Wednesday, 17 April 2013

No. 1 Ladies Painting Club

Yesterday I visited a friend's painting group.  I'll call them the No. 1 Ladies Painting Club to protect the innocent.  They asked me to do a primer on perspective.  It was a great refresher for me and I think they benefited also.  I covered the basic concepts and demonstrated 1 and 2 point perspectives.  The upper sheet was done while discussing 2 point perspectives.  As an exercise they drew the classroom we were in.  It was perfect as there was a tile ceiling and floor and the tables were set up in the centre which clearly displayed the concepts of convergence, diminution of size and foreshortening.  The lower sheet is my demonstration of those two views.

I pulled out the classic text "Architectural Graphics" by Frank Ching and brushed up on the main concepts.  I had taught myself how to do measured perspectives as a student and did many large hard-line presentation drawings of proposed buildings, bridges and their landscapes in the early years of my career.  Now of course, with computer drafting programs, the detailed mechanics are unnecessary.

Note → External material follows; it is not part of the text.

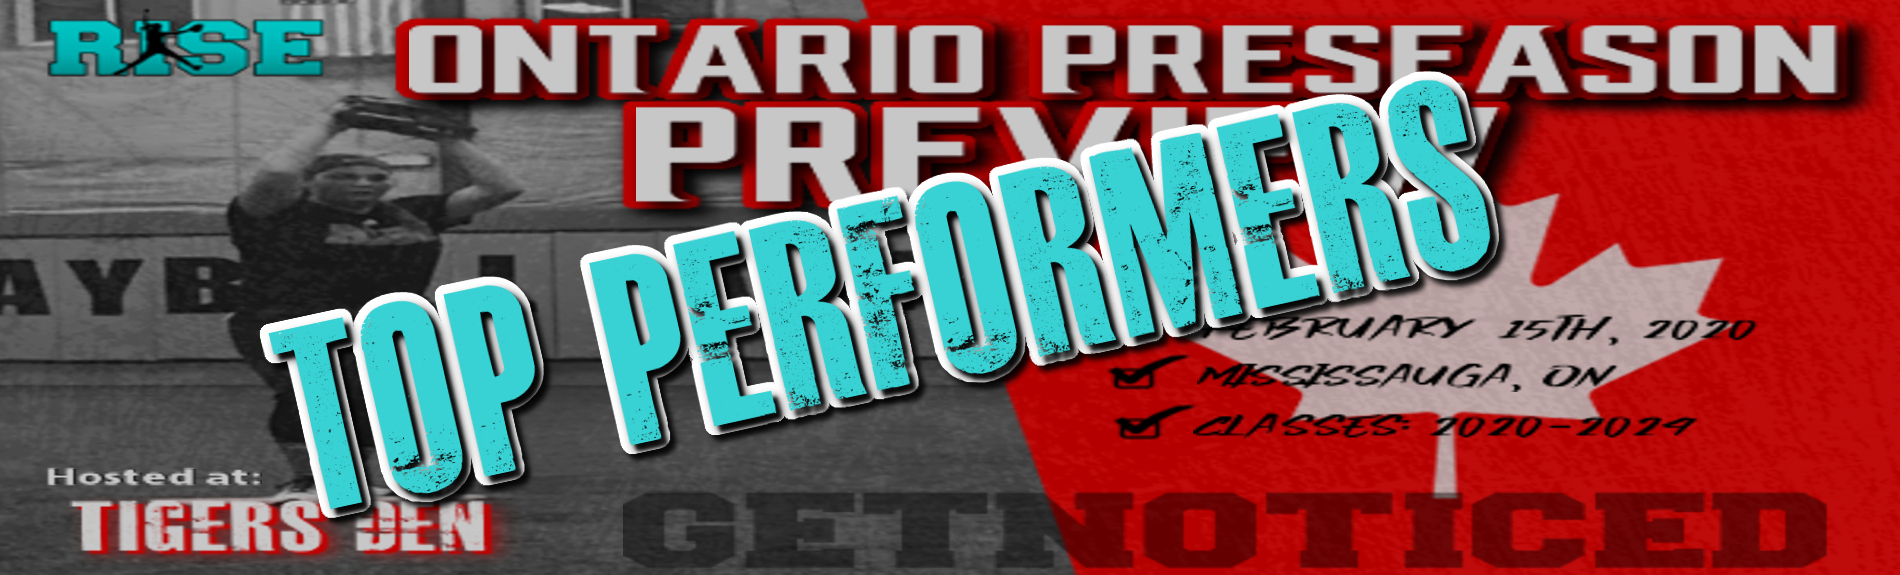 Ontario Preseason Preview “TOP PERFORMERS”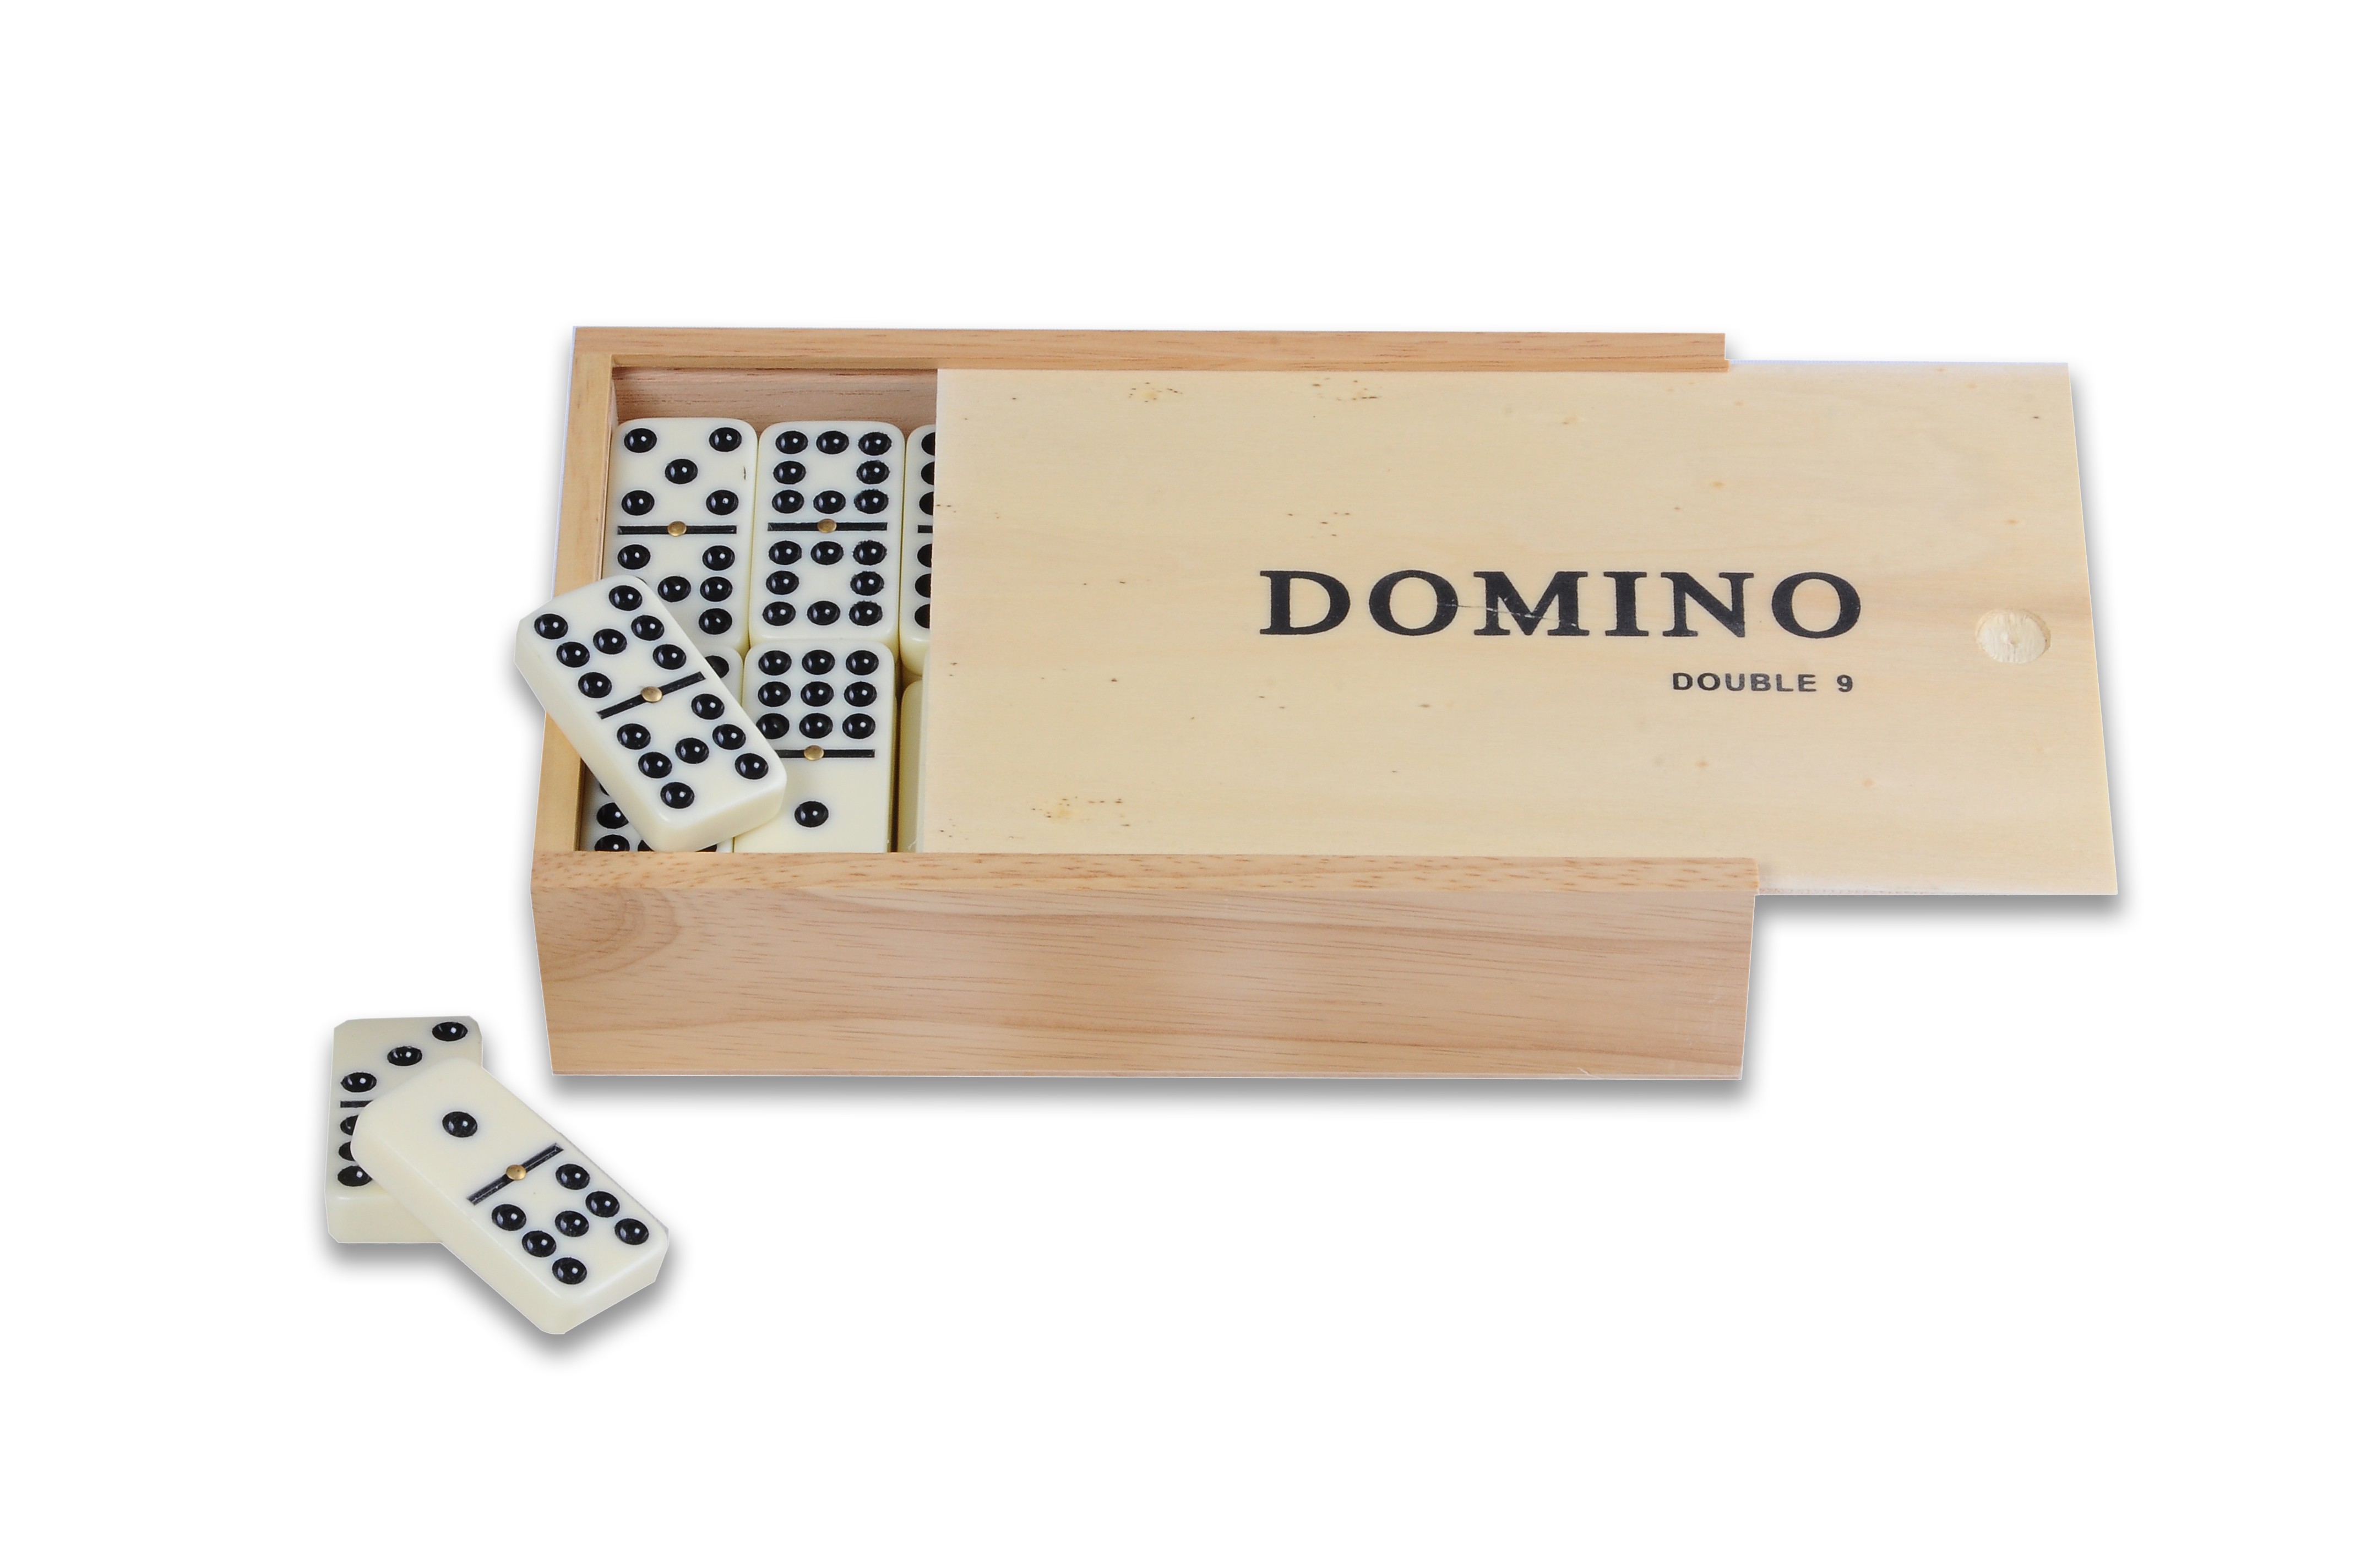 Double 9 dominos AVEC SPINNERS dans boîte en bois

What I realized in preparing for the visit, is that even to draw a real urban scene, an understanding of the laws of perspective is extremely helpful. I call them laws, as they are as clear and relentless as gravity.  Fairly simple once explained, but very frustrating to figure out on one's own.  After all, it took artists and architects several hundred years to fully understand how to construct the perception of three dimensions on a flat plane.

It also served as a good reminder to lay in those imaginary rays to the vanishing points to structure my own drawings.  One of my "Groundhog Day" pitfalls.


  1. It's great to do those reviews, isn't it John? And aren't you glad we got to meet Frank Ching??

    1. I really enjoy any contact around sketching. It's always invigorating. Yes, it was a real treat to meet Frank Ching last summer at the USk symposium. A very unassuming and warm guy. He asked me what kind of pen I used. I showed him my Lamy, and he said, "There are a lot of good lines in that pen".